If Dragos ever stops giving discounts to city of Jacktown employees, they'll go belly up. The first month they were open you could hardly park for all the white cars with Jacktown painted across the rocker panel. Look around if you go in that place.
Dear Standin':
How about some more information?
And 3:37, been there all times of the day. I'll be damned if I haven't seen those cars.
"Not sure exactly what keeps caps from being popped in the parking lot. Same with Burger King."
Even for Burger King it's got poorly prepared food, but in 15 years of driving by the place I've never seen or heard of any violence there.
10:28; perhaps you heard of the two times employees were involved in robbing the place. Or the time the guy hid out in the woods back behind the Texaco after leaving there with a bag of cash. Maybe in the next 15 years you'll pay closer attention.
A helicopter search was involved in one of those Madison Burger King heists. Cops were all over the intersection of 463 and Highland Colony intersection with at least one helicopter overhead.
But.....10:28 ain't seen nuttin'.
Soulshine in the Township sucks, it is hot, poorly managed, dirty, expensive, and the hostesses could give a shit if you live or die.
10:28 here
I used the word "violence" - complainers raise the issue of theft (and an inside, employee-run job at that).

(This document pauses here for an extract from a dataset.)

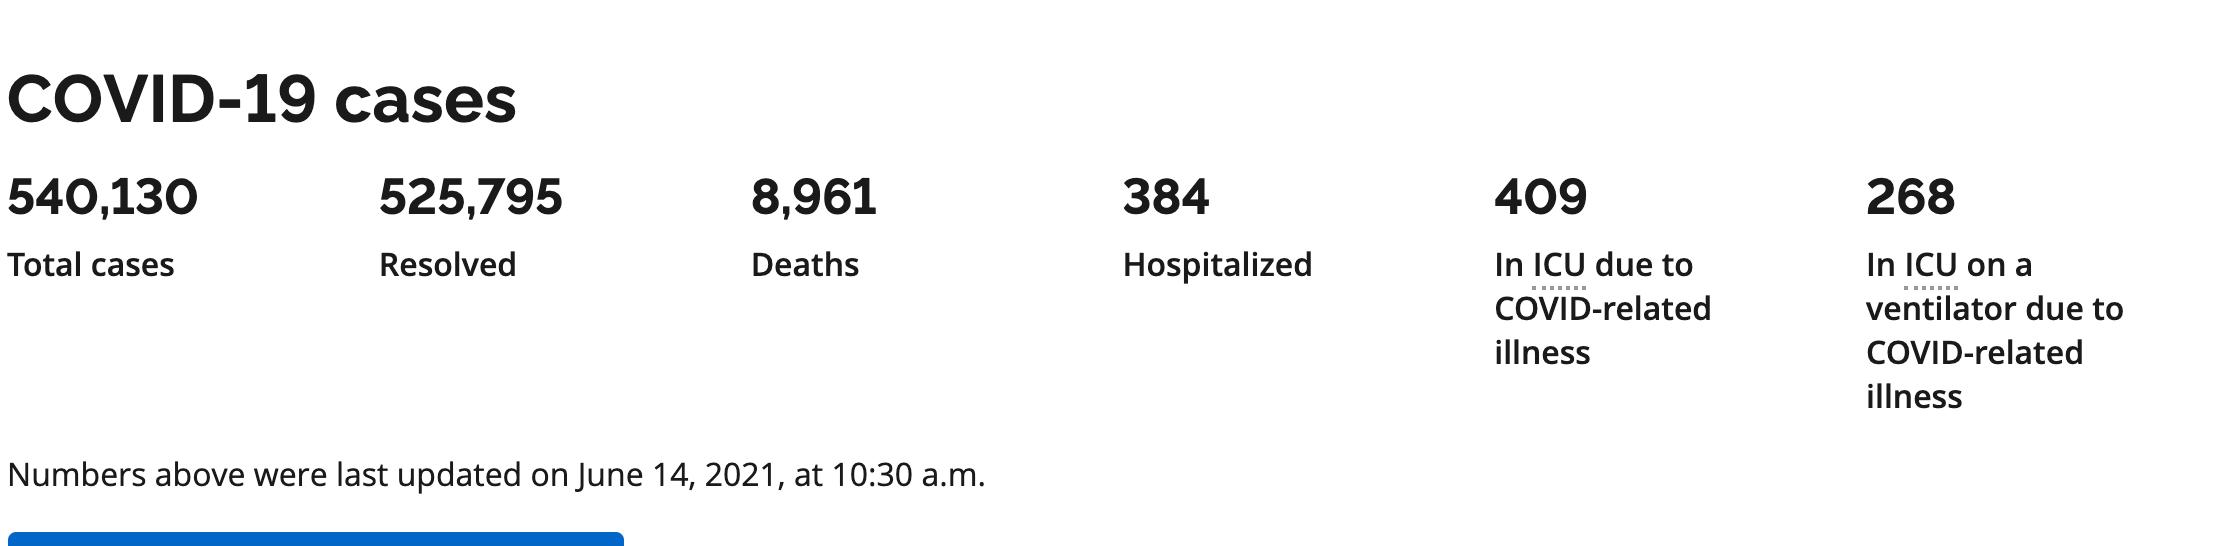 COVID-19 cases hospitalization
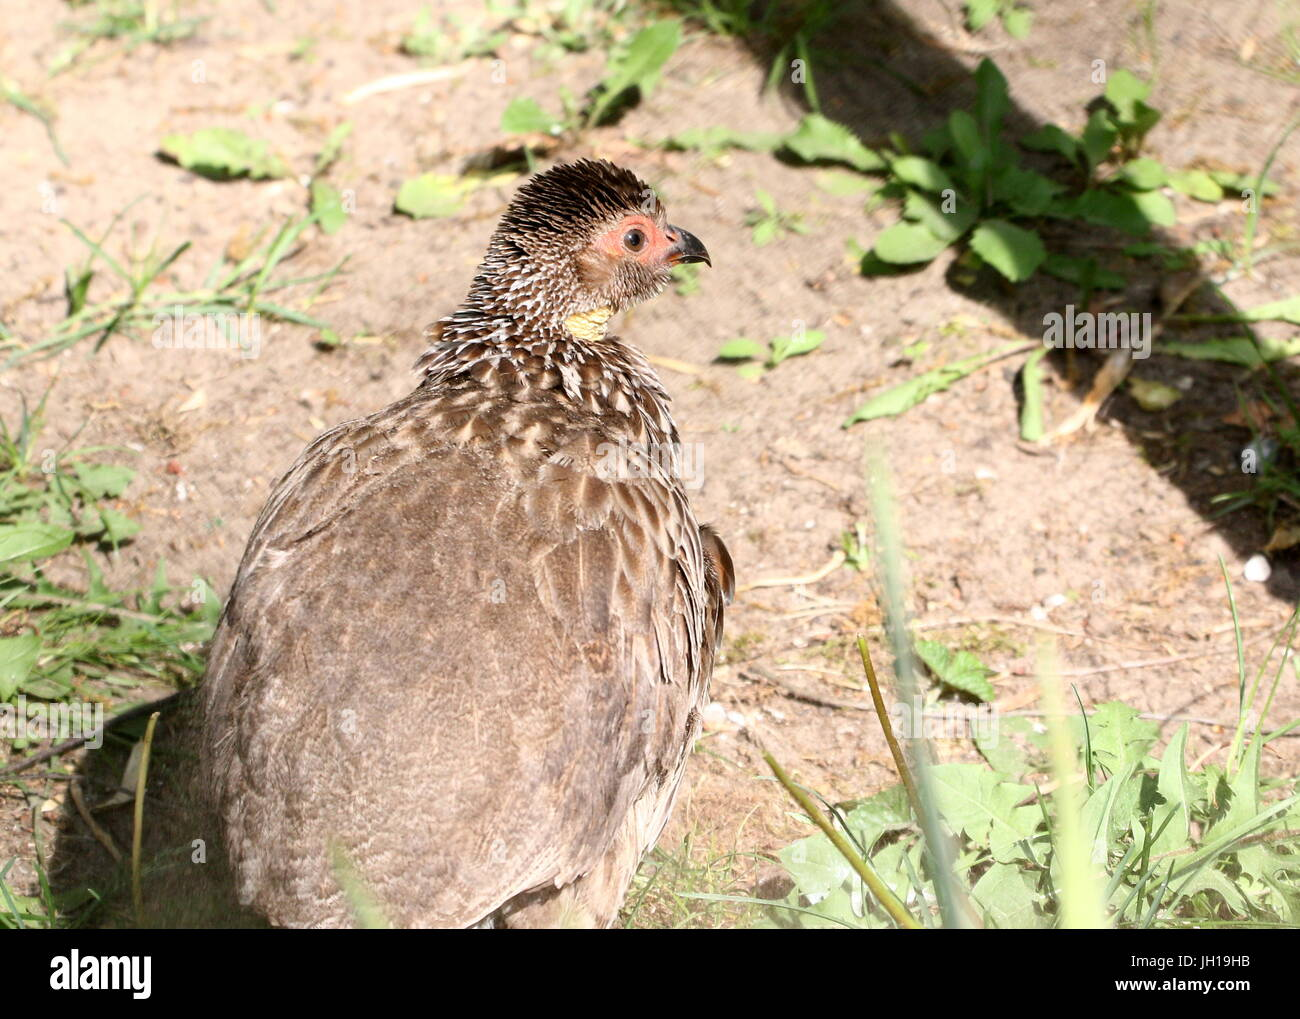 East African Yellow-necked spurfowl (Pternistis leucoscepus,  Francolinus leucoscepus). - Stock Image

I was thinking about the shooting at the McDonald's on 51 in Madison a few years ago. Much more worrisome than an inside job theft to me.
Don't worry folks. Since Madison is a college town now with JSU, I'm sure incidents described at 8:18 will decrease.
10:28 and 8:18; This thread is about restaurant quality which translates to service. Inside employee thefts are much more likely to affect product and service (and wind you up on the "C" list) than somebody poppin' a cap in the parking area once in forty years.
Just admit you weren't aware of any of this and move along.......
Wow, this blog is pretty entertaining...looks to me like the white flight has a few leaders...shame on you all!
I own three inspected locations and two are in Mad Co. They had a very competent inspector but he retired. There is a new inspector...very young and sullen who is killing restaurants for minor infractions. About half of these places shouldn't b here but if u work for government it doesn't matter does it?